Pena, como compendia Cuello Calòn, é o sofrimento imposto pelo Estado, em execução de uma sentença, ao culpado de infração criminal[5].

Sem dúvida, a pena representa um sofrimento. Ainda que se lhe procura afastar o aspecto aflitivo, como tal é recebida por aquele a quem se destina. Sendo um sofrimento, exaurirá nesse atributo toda a sua natureza? A devassa concerne ao problema da finalidade da pena[6].

Para alguns, a pena é simplesmente aflitiva. Para outros, constitui, especialmente, precípua ou subsidiariamente, um caminho para a obtenção de certos benefícios, quer para o condenado, quer para a coletividade[7].

Ainda que o Direito Penal não tenha conseguido livrar a pena da eiva de castigo, são incontestáveis as suas múltiplas utilidades. Nestas duas fórmulas – prevenção geral e prevenção especial, cabem as vantagens da pena. Sob a regra da prevenção especial, tem-se em apreço a pessoa do delinquente, sobre o qual se exerce a medida repressiva. Embora destinada à repressão, a pena realiza uma função preventiva, quando afasta o indivíduo do seio social, impedindo-o de delinquir, e quando visa criar estímulos para que não torne a praticar crimes, quer infundindo-lhe o temor do castigo, quer procurando corrigi-lo, para que ele, melhorando moralmente, se sinta tendente a uma conduta compatível com a vida em sociedade[8].
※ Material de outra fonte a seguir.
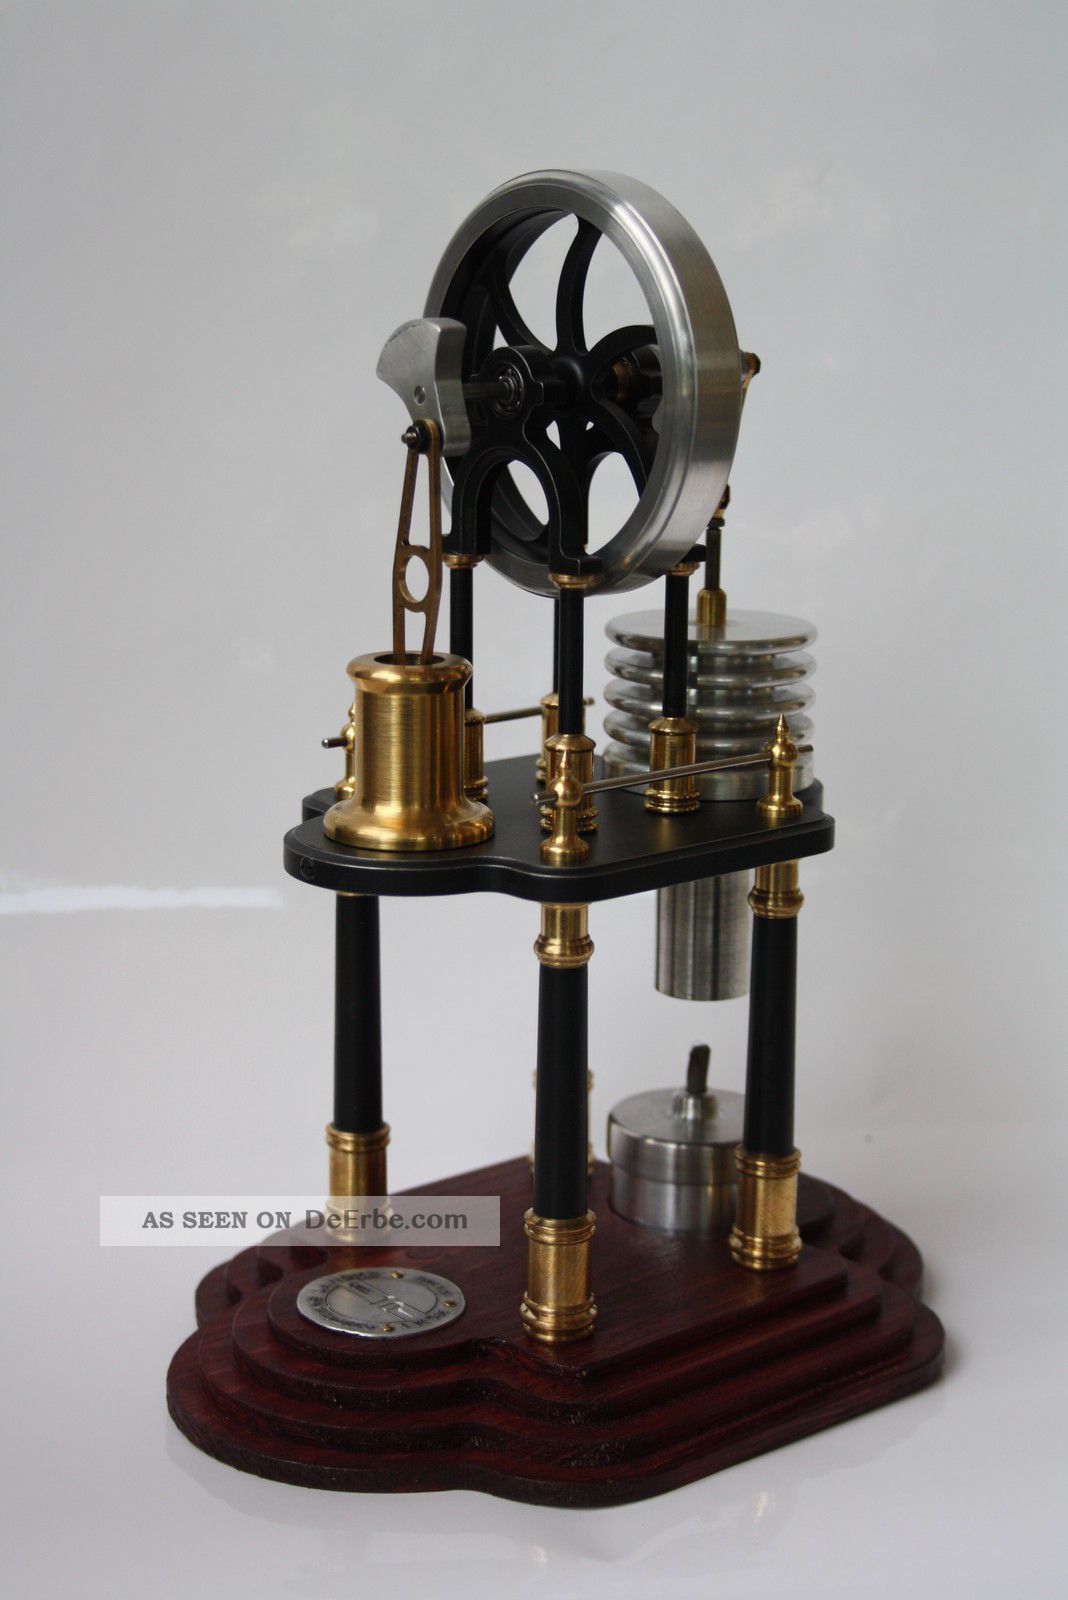 Heißluftmotor Ur Stirling Motor Hot Air Engine Schmuckstück Keine Dampfmaschine Gefertigt nach 1945 Bild

A prevenção especial realiza-se, pois, de diversas maneiras. Norteia-a, de forma relevante, o desejo da correção dos criminosos. Tendo-a em vista, todos os esforços são empregados no sentido de tornar-se utilitária a pena privativa da liberdade. Essa esperança frequentemente se frustra. Mas, quando não seja possível corrigir determinado delinquente, a pena poderá, pelo menos, intimidá-lo, e servirá para livrar a comunidade, às vezes por dilatado tempo, da sua presença nociva[9].

Como meio de prevenção geral, a pena exerce, na coletividade, uma função intimidativa genérica, dirigida à massa dos cidadãos. Exerce-a através da cominação, em abstrato, na lei, e através da sua aplicação, nos casos concretos[10].

Imposta e executada pelo Estado, através do Direito Penal, a pena é providência de feito necessariamente público. Colima-a o processo movido contra o delinquente, o qual, julgado e condenado, por sentença que fundamentadamente examina a infração praticada, passa a cumprir a sanção que lhe coube consoante o preceituado na legislação penal, preenchida, nessa fase executória, por normas administrativas[11].

ESPÉCIES DE PENA

De acordo com o art. 32 do Código Penal brasileiro, temos as seguintes espécies de pena: privativas de liberdade, restritivas de direitos e de multa.

As penas privativas de liberdade são: reclusão, detenção e prisão simples. As duas primeiras constituem consequência da prática de crimes e a terceira é aplicada às contravenções penais[12].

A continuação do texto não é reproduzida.